The real problem with any consistent programme aimed at rooting out Nazism from German life was that it was simply not practicable in the circumstances of 1945. In the words of General Lucius Clay, the American Military Commander, ‘our major administrative problem was to find reasonably competent Germans who had not been affiliated or associated in some way with the Nazi regime… All too often, it seems that the only men with the qualifications… are the career civil servants… a great proportion of whom were more than nominal participants (by our definition) in the activities of the Nazi Party.’

Clay did not exaggerate. On May 8th 1945, when the war in Europe ended, there were 8 million Nazis in Germany.
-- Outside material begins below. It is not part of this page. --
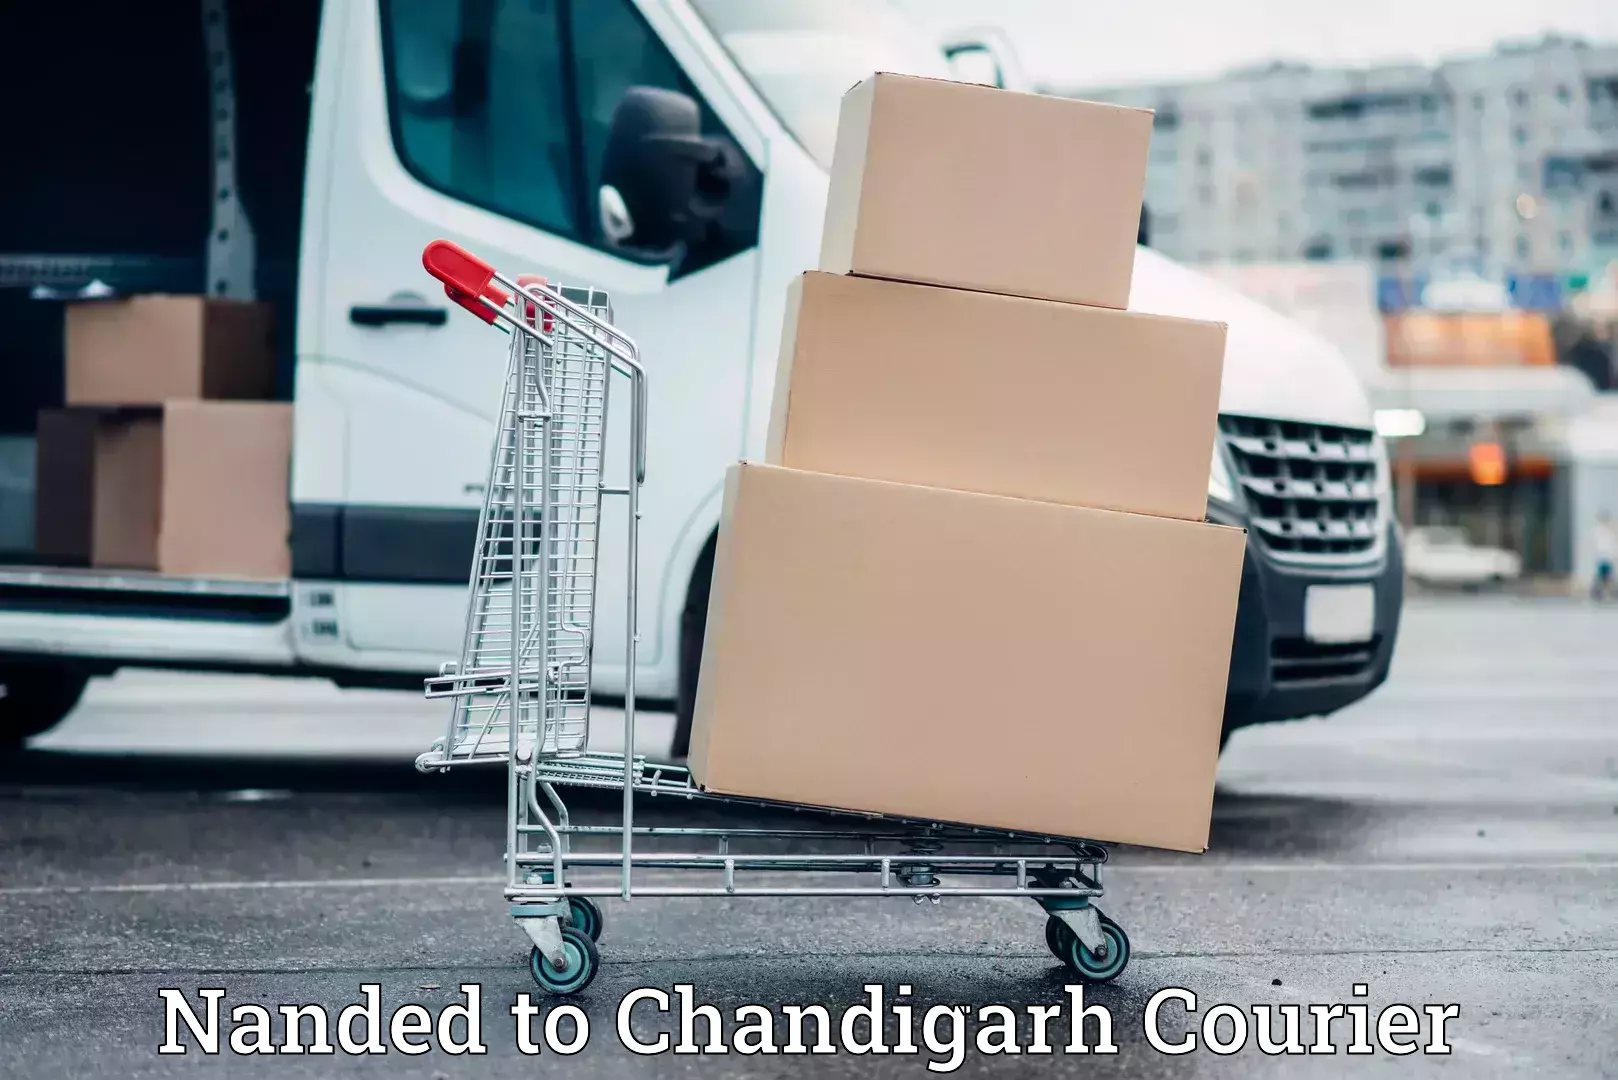 Furniture transport experts Nanded to Chandigarh
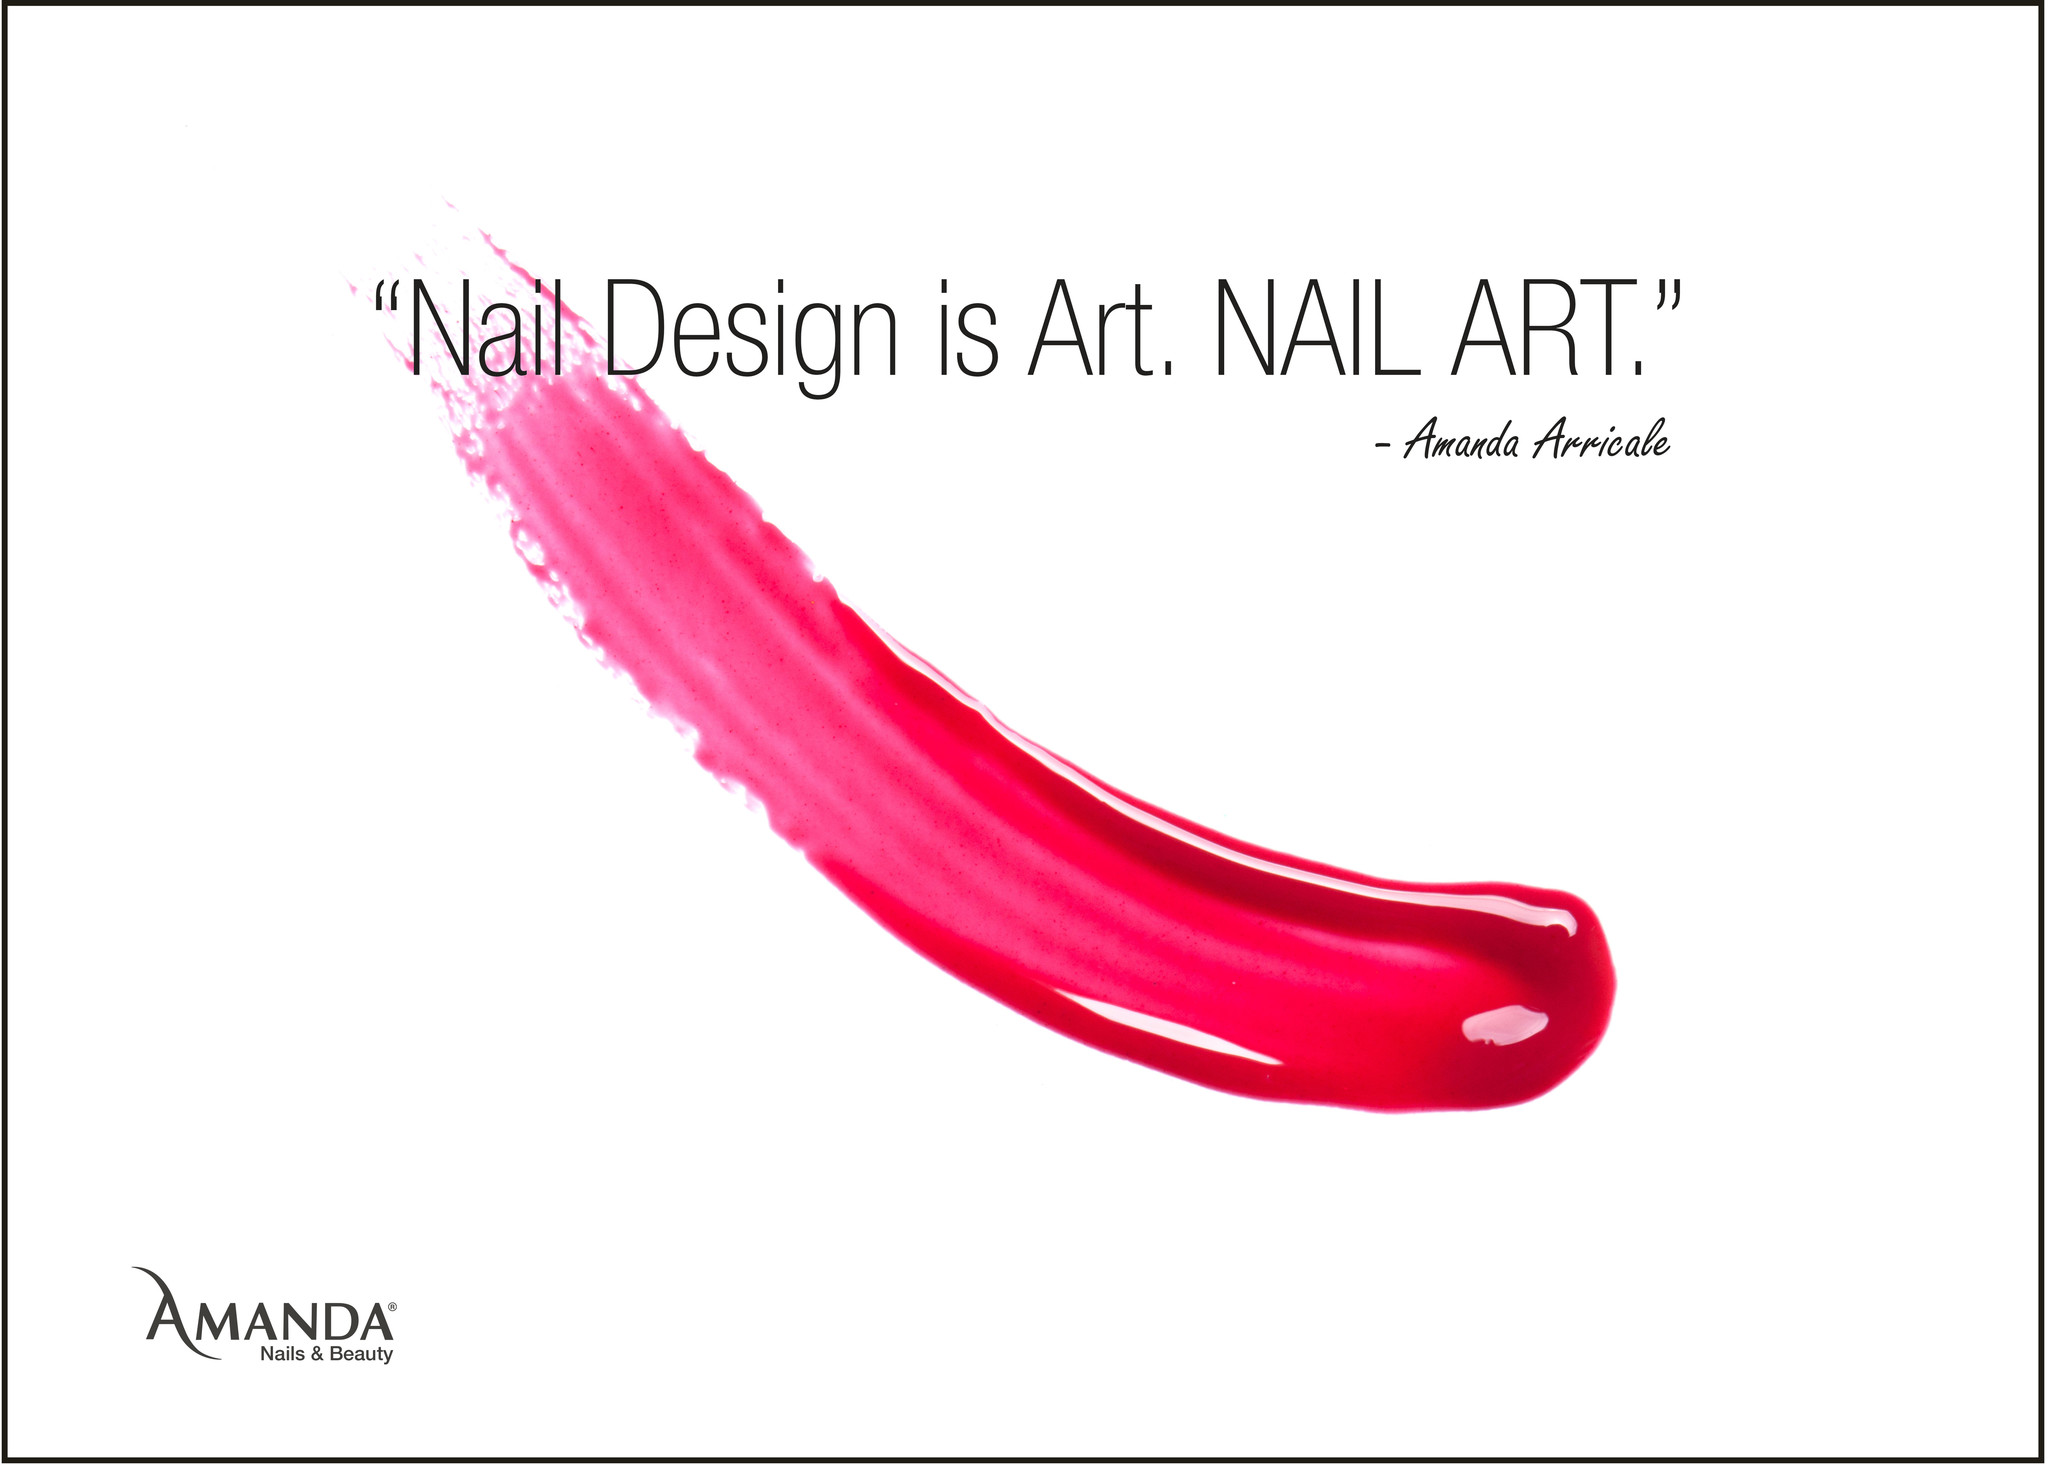 9. Free Nail Art Poster Images - wide 4

In Bonn, 102 out of 112 doctors were or had been Party members. In the shattered city of Cologne, of the 21 specialists in the city waterworks office—whose skills were vital for the reconstruction of water and sewage systems and in the prevention of disease—18 had been Nazis. Civil administration, public health, urban reconstruction and private enterprise in post-war Germany would inevitably be undertaken by men like this, albeit under Allied supervision. There could be no question of simply expunging them from German affairs.